Dollar gains, gold plummets
Global stock markets rose on Wednesday, November 3, as some positive economic data came out from the United States. The trade data were also better than expected, showing the smallest September deficit between imports and exports since 2012. The US dollar surged and reached a three-month high against the euro in the currency market. Erasing all the gains since the past few months, we can see that gold seems to be back to square one, breaking the initial $1,100 support level from August.
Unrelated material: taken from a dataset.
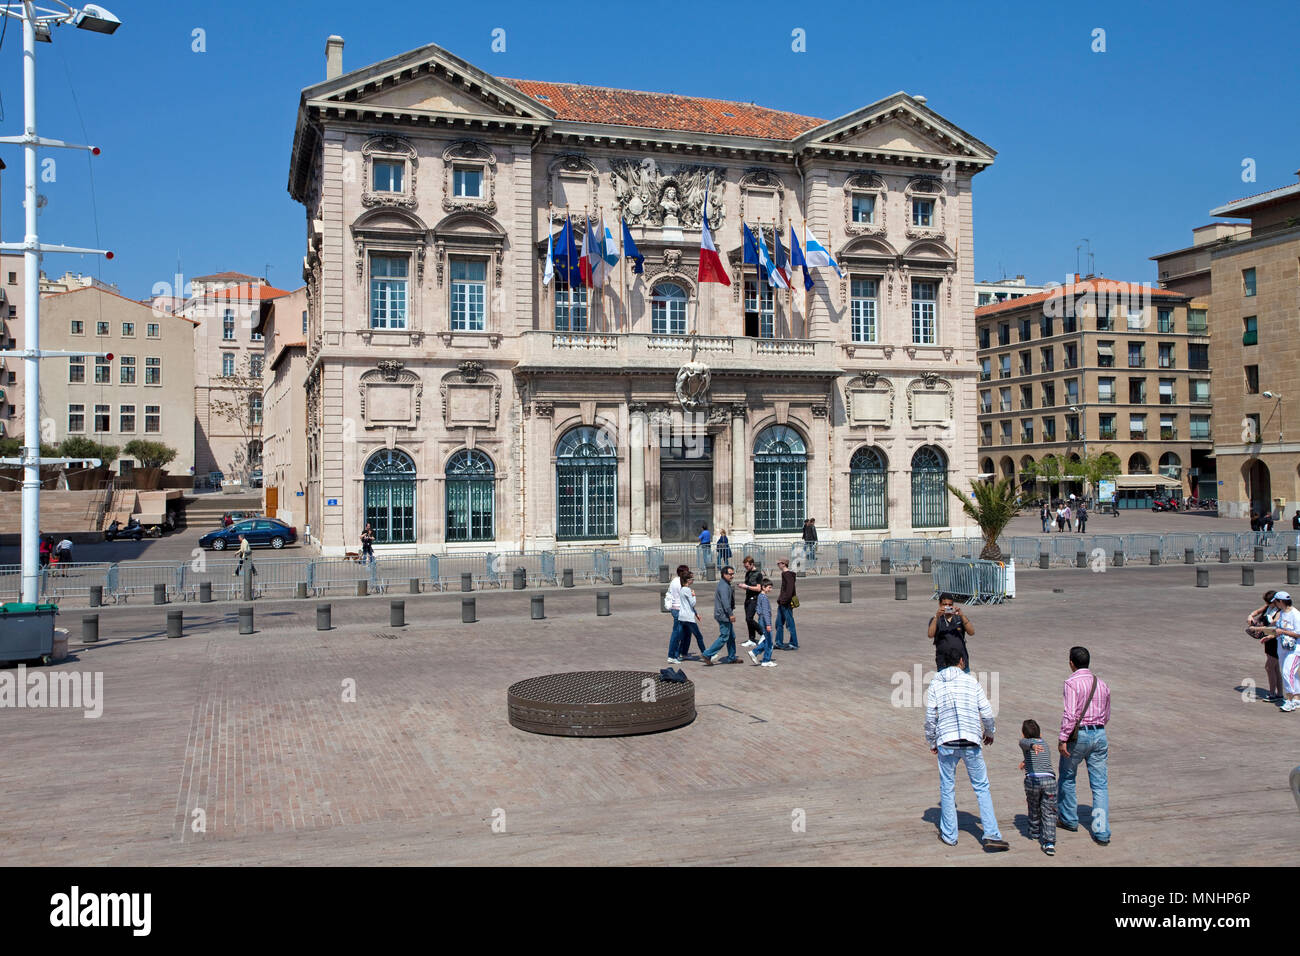 Das alte Rathaus am Hafen, Vieux Port, Marseille, Bouches-du-Rhône der Region Provence-Alpes-Côte d'Azur, Südfrankreich, Frankreich, Europa Stockfoto

Holdings in paper gold like the SPDR Gold Trust (GLD) shrank by almost 3 tonnes on Wednesday. GLD saw a sixth straight day of declines and closed at $105.90 per share. It closed at the lowest level in five weeks at 686 tonnes—less than 3% above late July’s new eight-year lows.
Other precious metals
Other precious metals, like silver, platinum, and palladium, have been following gold’s trend. Silver hit its lowest price in about a month. Silver fell almost 3.90% on a five-day trailing basis. The iShares Silver Trust (SLV) also followed the losses in silver and fell almost 4.1%. The fund flow in the silver ETF also looked quite similar to gold, as investors’ position in the ETF shrank on Tuesday. Platinum and palladium lost 4.0% and 9.7%, respectively, on a five-day trailing basis.
Mining companies have seen a similar fall in their prices due to the plummeting prices of precious metals, including Alamos Gold (AGI), GoldCorp (GG), and First Majestic Silver (AG). These three stocks together are 9.1% of the VanEck Vectors Gold Miners ETF (GDX). The GDX indicator is downward-defined as precious metal prices sink.